But the reality is that Humanae Vitae reveres women’s fertility to the exclusion of our needs, wants, limitations, physical and mental health, or even our lives. The stories I heard reveal that the practice of NFP sometimes undermines a woman’s physical and emotional equilibrium, reducing her to a mere instrument of procreation. Many women are left with no recourse against unwanted pregnancy and are more vulnerable to exploitation. And even in good, loving relationships, relying on NFP can sometimes pose problems, including financial stress, damage to marital unity, and serious risks to a woman’s health.
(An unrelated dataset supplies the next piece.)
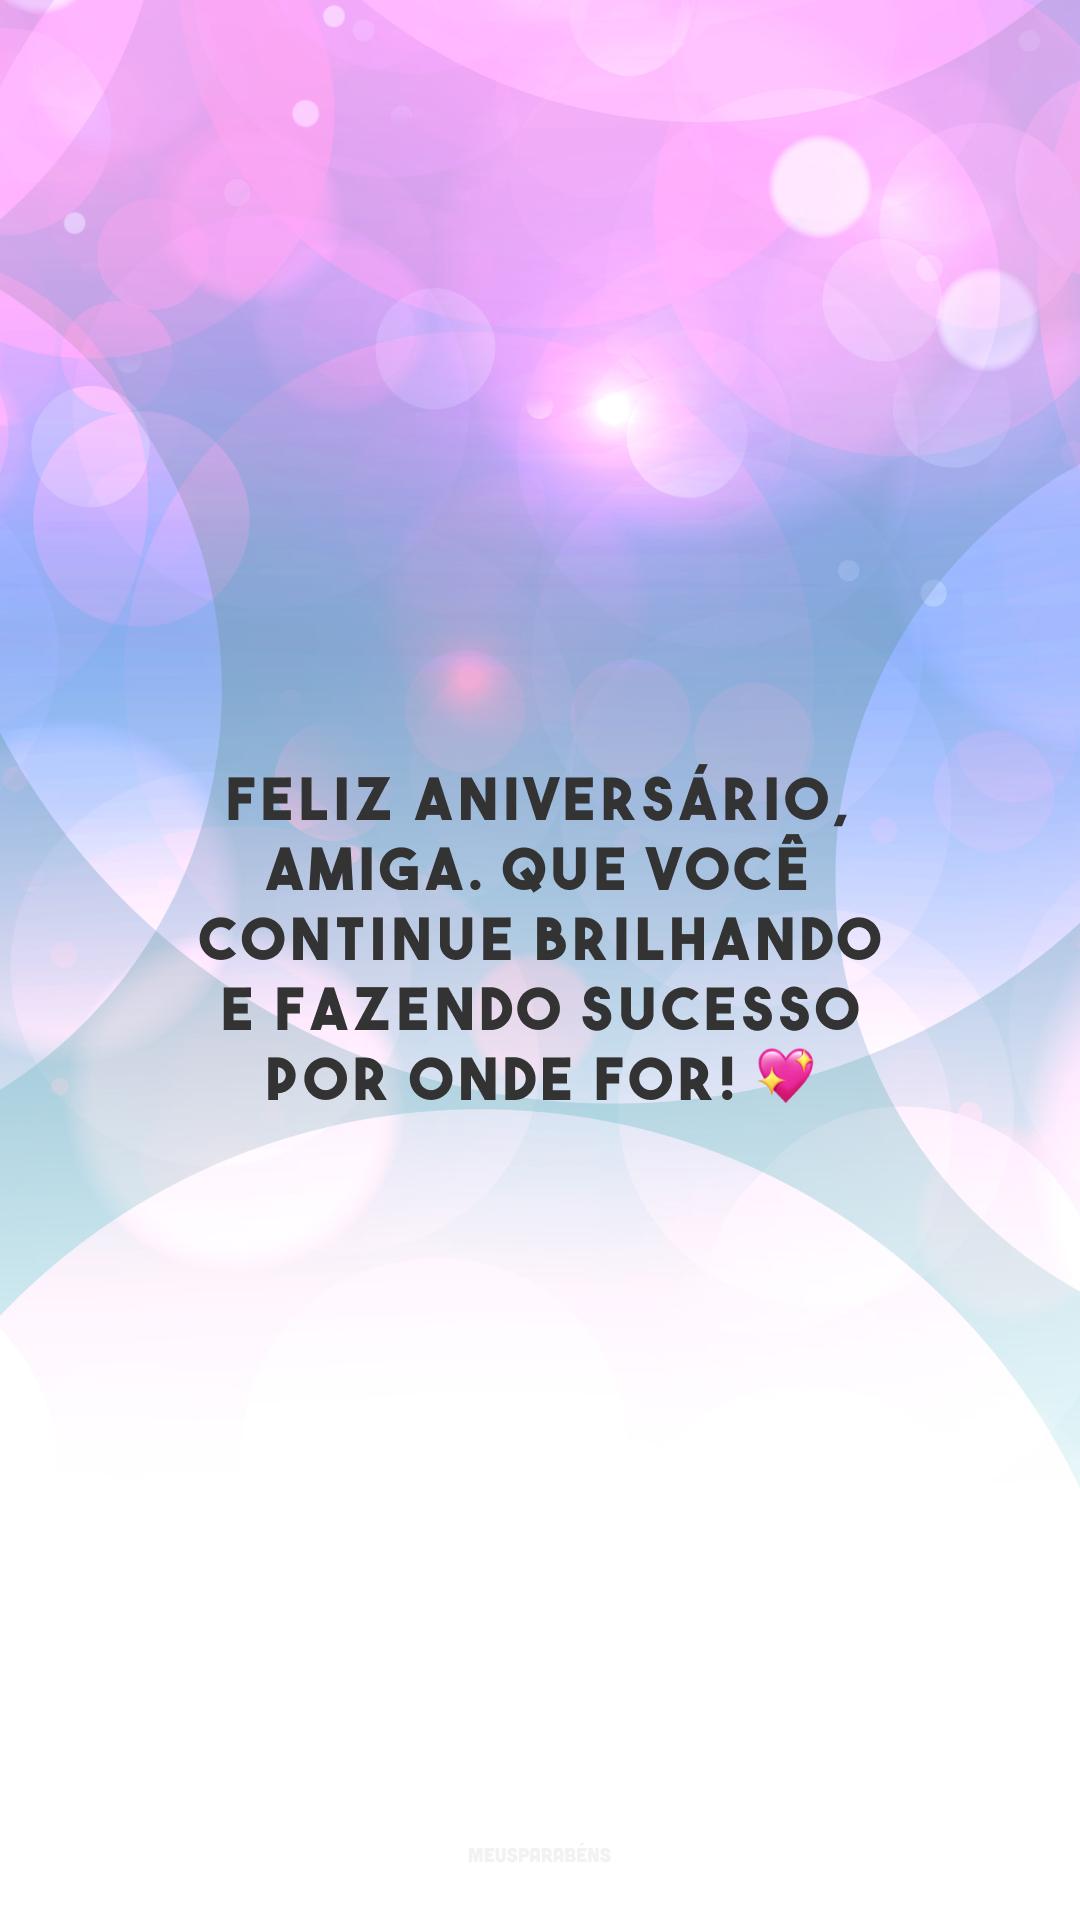 Feliz aniversário, amiga. Que você continue brilhando e fazendo sucesso por onde for! 💖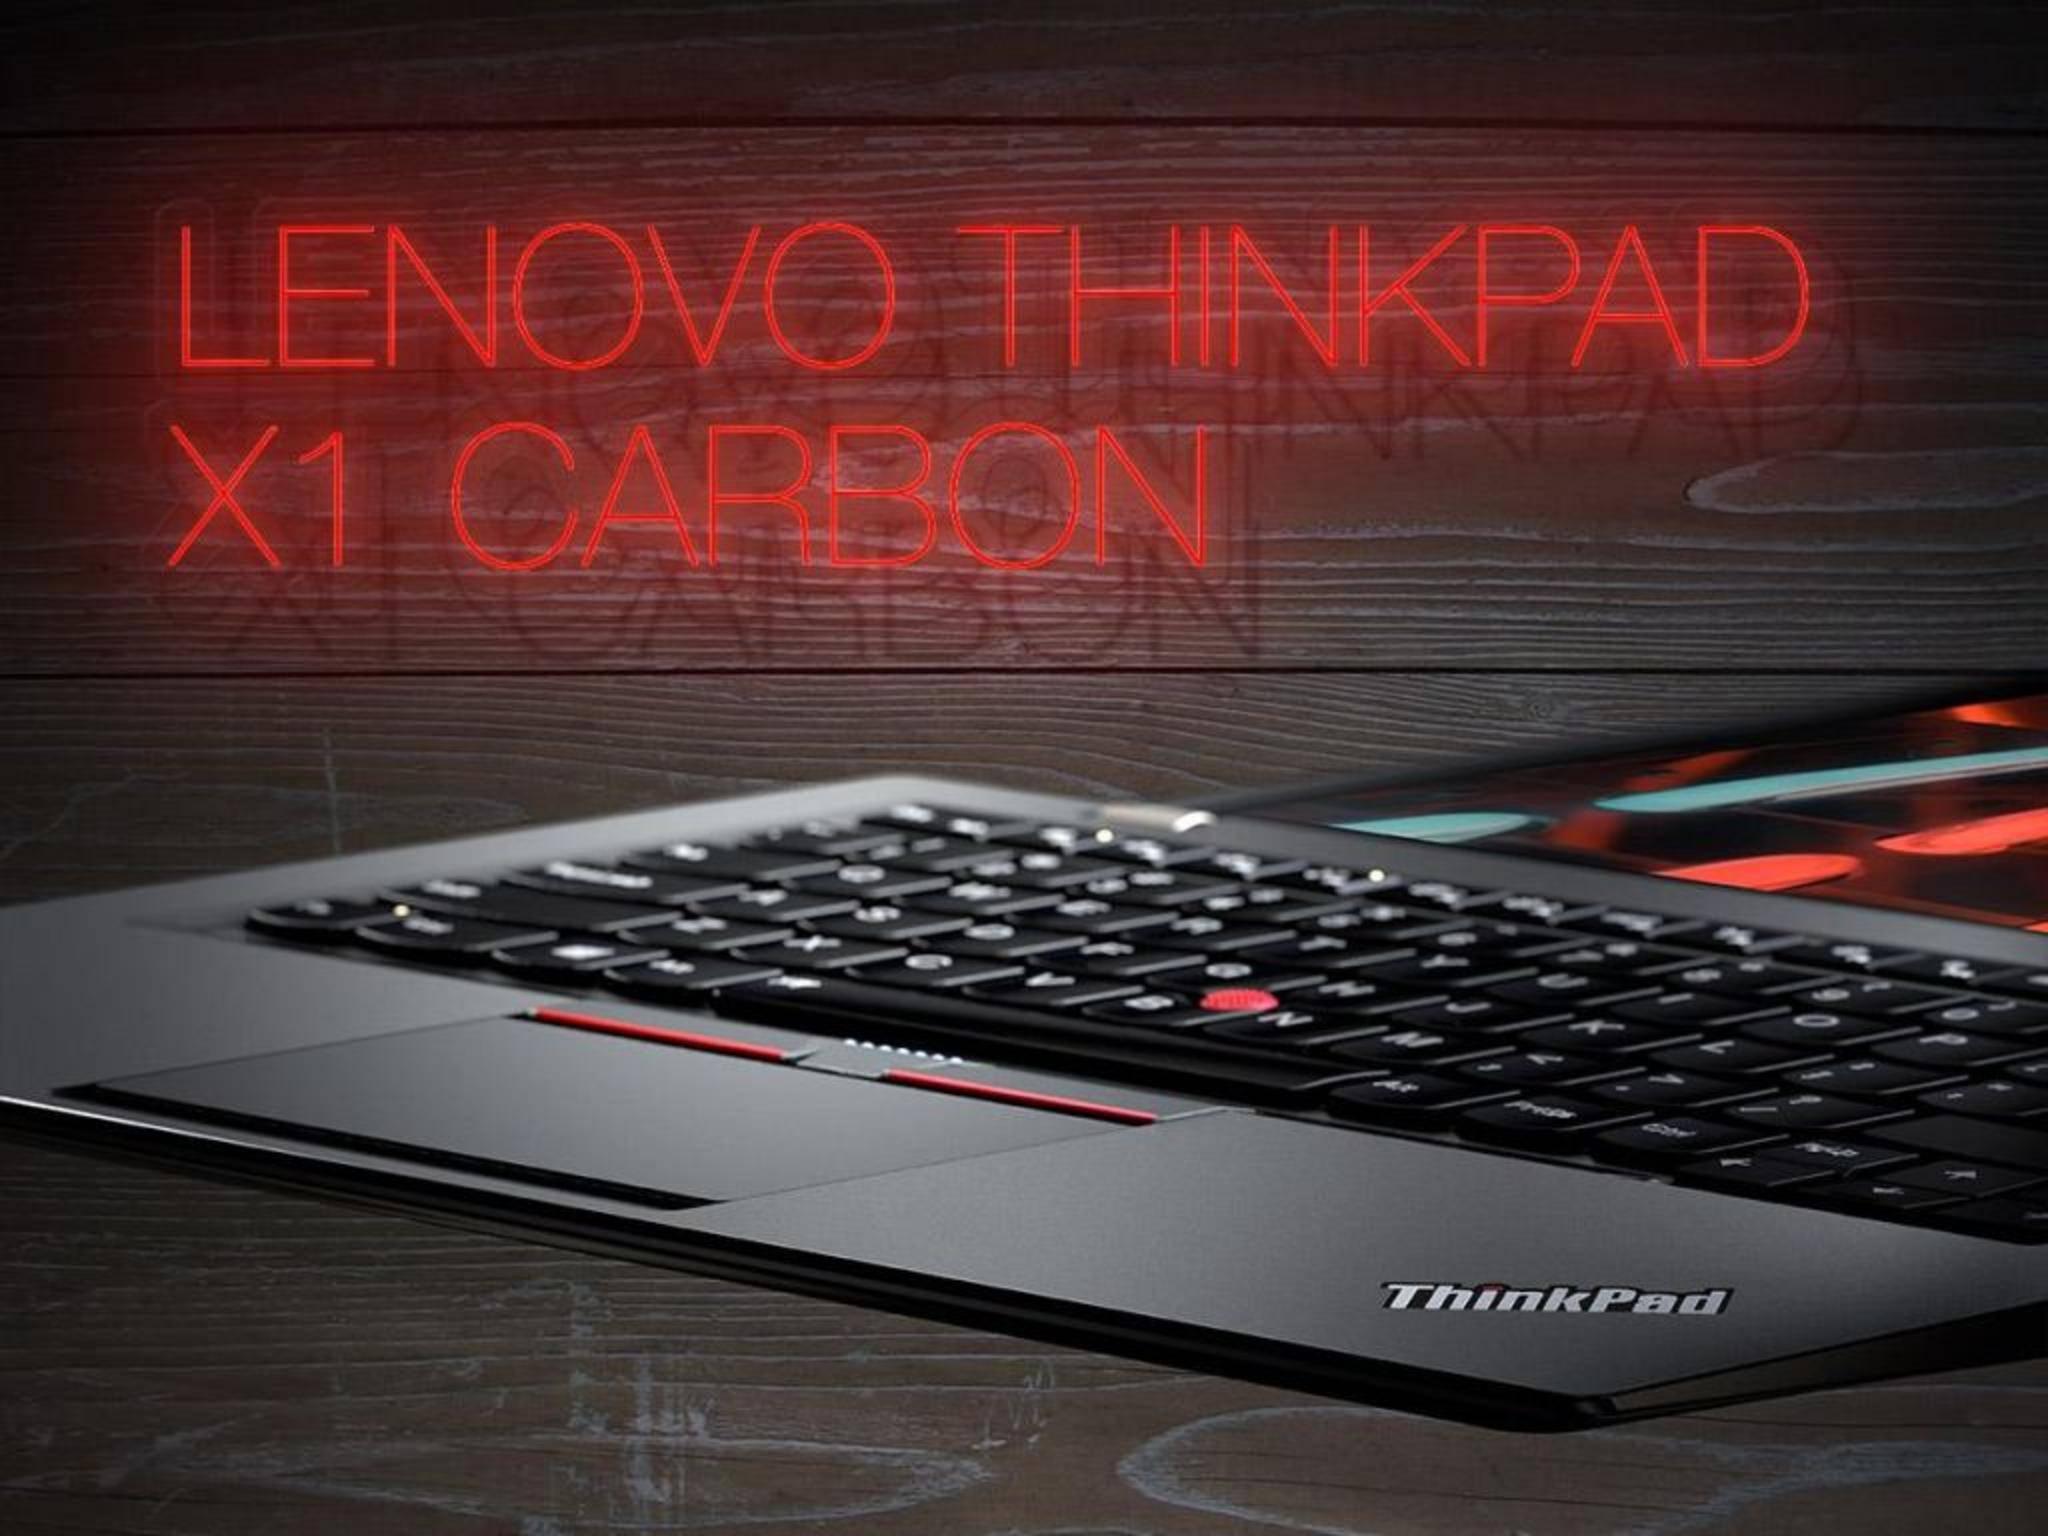 Leicht, stark, schick: Lenovo bringt ein Update des ThinkPad X1 Carbon auf den Markt.

In the years since Humanae Vitae’s publication we have become more aware of the problems of sexual coercion and spousal rape and of the importance of consent and mutual desire in building healthy marriages. In addition, the problems and abuses that may be concealed behind the pious facade of a large, “happy” Catholic family have become more visible. People are less willing to equate respect for a women’s dignity with respect for the functions of her reproductive system—especially when those functions endanger her happiness, health, or broader good.
The church needs to revisit this issue in a way that more fully recognizes the burdens that NFP places on already burdened families. The problems cannot be reduced to “sin” or “weakness”: There are too many situations where responsible parenthood is a moral necessity, and NFP just doesn’t work. Catholics in those situations need solutions that don’t boil down to “suffer and pray.”